Control Parameters

The dynamo code uses the following non-dimensional parameter definitions:

Ekman Number

$$ \text{Ek} = \frac{\nu}{\Omega D^2}, $$ where \(\nu\) is kinematic viscosity, \(\Omega\) is the rate of rotation, and \(D\) is the shell thickness.

Prandtl Number

$$ \text{Pr} = \frac{\nu}{\kappa}, $$ where \(\nu\) is kinematic viscosity, and \(\kappa\) is thermal diffusivity.

Set using d_Pr.

Schmidt Number (Compositional Prandtl)

$$ Sc = \frac{\nu}{\kappa_\xi} $$ where \(\nu\) is kinematic viscosity, and \(\kappa_\xi\) is the compositional diffusivity.

Set using d_Sc.

Magnetic Prandtl Number

$$ \text{Pm} = \frac{\nu}{\eta}, $$ where \(\nu\) is kinematic viscosity, and \(\eta\) is magnetic diffusivity.

Set using d_Pm.

Thermal Rayleigh Number

Determines the amount of thermal driving in the momentum equation. Set using d_Ra.

Fixed Temperature

\[ \text{Ra}_T = \frac{\alpha g_0 \Delta T D^4}{r_o\kappa \nu }, \]

where \(\alpha\) is the coefficient of thermal expansion, \(g_0\) is acceleration due to gravity, \(\Delta T\) is the temperature difference between inner and outer boundaries, \(D\) is the shell thickness, \(r_o\) is the dimensional outer radius, \(\kappa\) is the thermal diffusivity, and \(\nu\) is the kinematic viscosity.

Fixed Flux

\[ \text{Ra}_T = \frac{\alpha g_0 \beta D^3}{r_o\kappa \nu }, \]

where \(\alpha\) is the coefficient of thermal expansion, \(g_0\) is acceleration due to gravity, \(\beta\) is a temperature scale divided by the shell thickness, \(D\) is the shell thickness, \(r_o\) is the dimensional outer radius, \(\kappa\) is the thermal diffusivity, and \(\nu\) is the kinematic viscosity.

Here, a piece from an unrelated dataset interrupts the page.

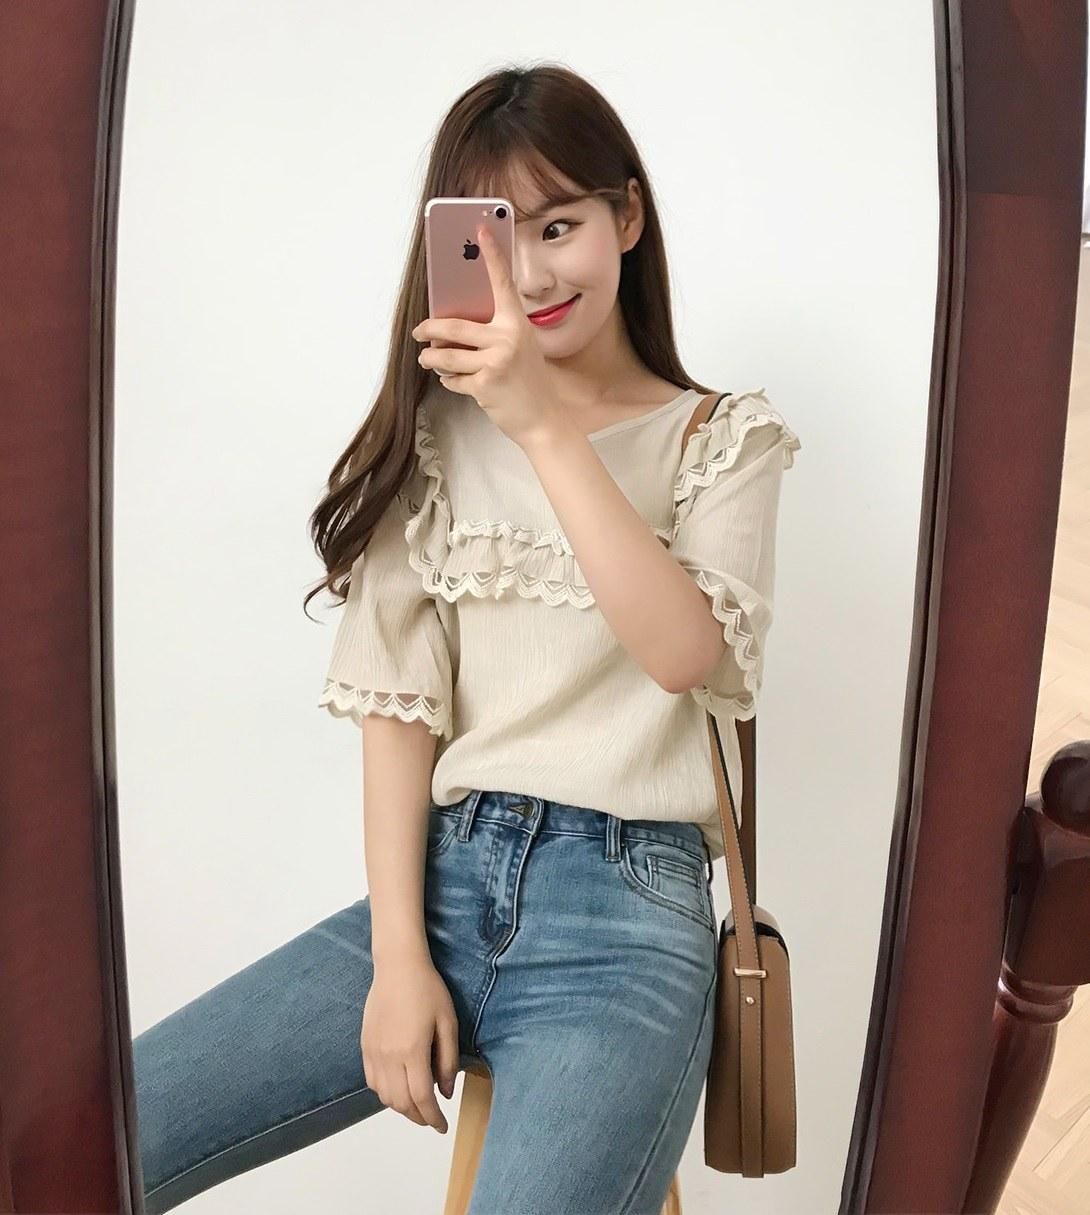 除了碎花襯衫,蕾絲邊設計的上衣也賣得很好,很多日本女生喜歡走比較淑女氣質的打扮,但為了中和過於女生氣息的風格,下半身只需要搭配褲裝就可以讓人看起來更有朝氣。至於胸前的蕾絲邊設計可以修飾胸型,就算胸部不夠豐滿,穿起來也不會顯得太平坦啦~
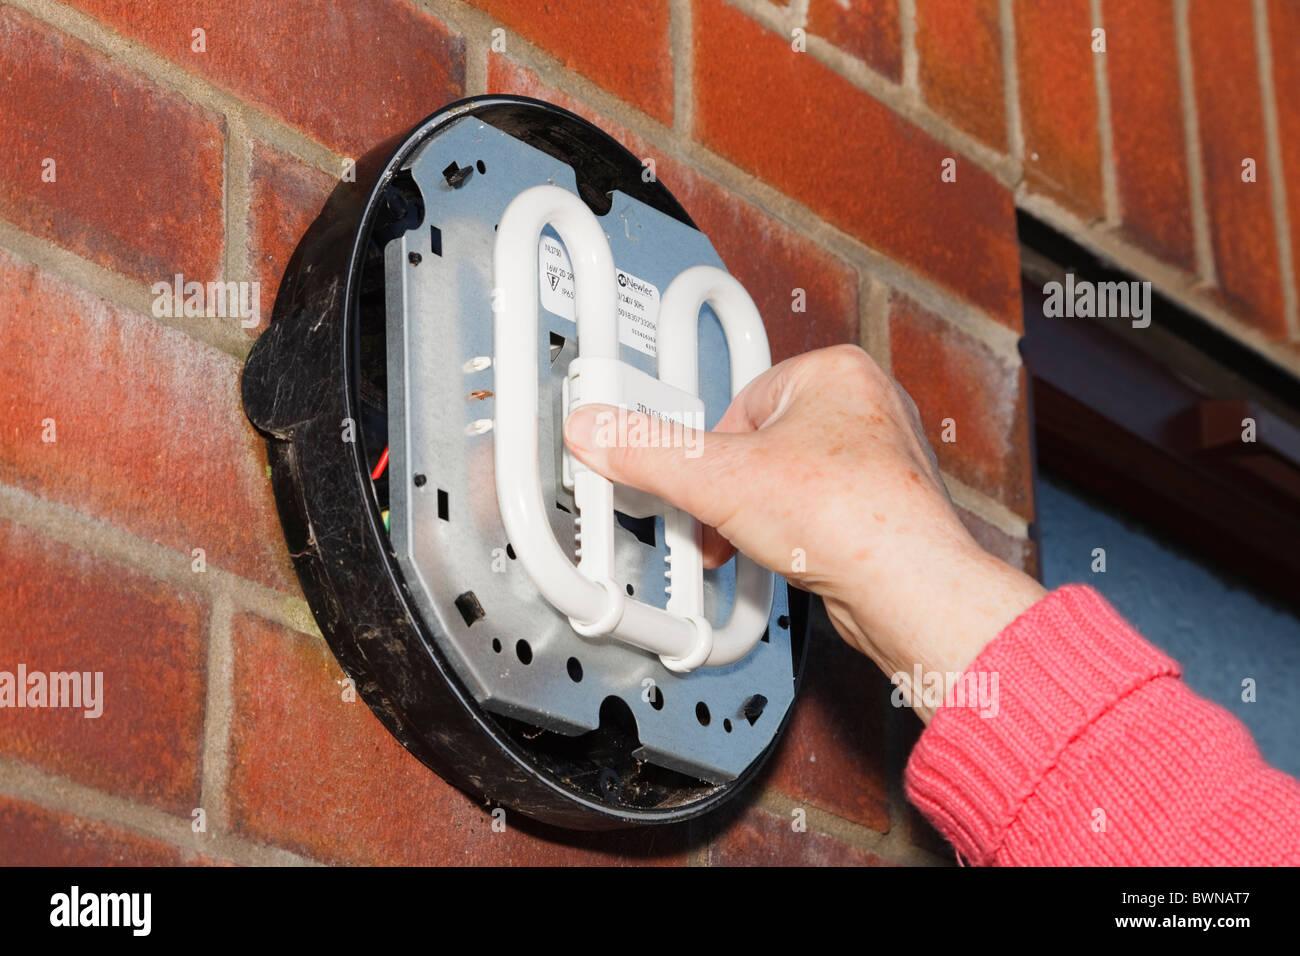 Il Regno Unito, l'Europa. Persona del montaggio di un risparmio energetico CFL a 2 pin della lampadina in una Immagini Stock

\(\beta\) is used in the fixed flux case as \(\Delta T\) can not be known A priori, it is derived from solving the conduction problem in the sphere.

Compositional Rayleigh Number

Set using d_Ra_comp.

Fixed Composition

\[ \text{Ra}_\xi = \frac{\alpha_\xi g_0 \Delta \xi D^4}{r_o\kappa_\xi \nu }, \]

where \(\alpha_\xi\) is the coefficient of chemical expansion, \(g_0\) is acceleration due to gravity, \(\Delta \xi\) is the compositional difference between inner and outer boundaries, \(D\) is the shell thickness, \(r_o\) is the dimensional outer radius, \(\kappa_\xi\) is the compositional diffusivity, and \(\nu\) is the kinematic viscosity.

Fixed flux

\[ \text{Ra}_\xi = \frac{\alpha_\xi g_0 \beta_\xi D^3}{r_o\kappa_\xi \nu }, \]

where \(\alpha_\xi\) is the coefficient of chemical expansion, \(g_0\) is acceleration due to gravity, \(\beta_\xi\) is a compositional scale divided by the shell thickness, \(D\) is the shell thickness, \(r_o\) is the dimensional outer radius, \(\kappa_\xi\) is the compositional diffusivity, and \(\nu\) is the kinematic viscosity.

\(\beta_\xi\) is used in the fixed flux case as \(\Delta \xi\) can not be known A priori, it is derived from solving the diffusion problem in the sphere.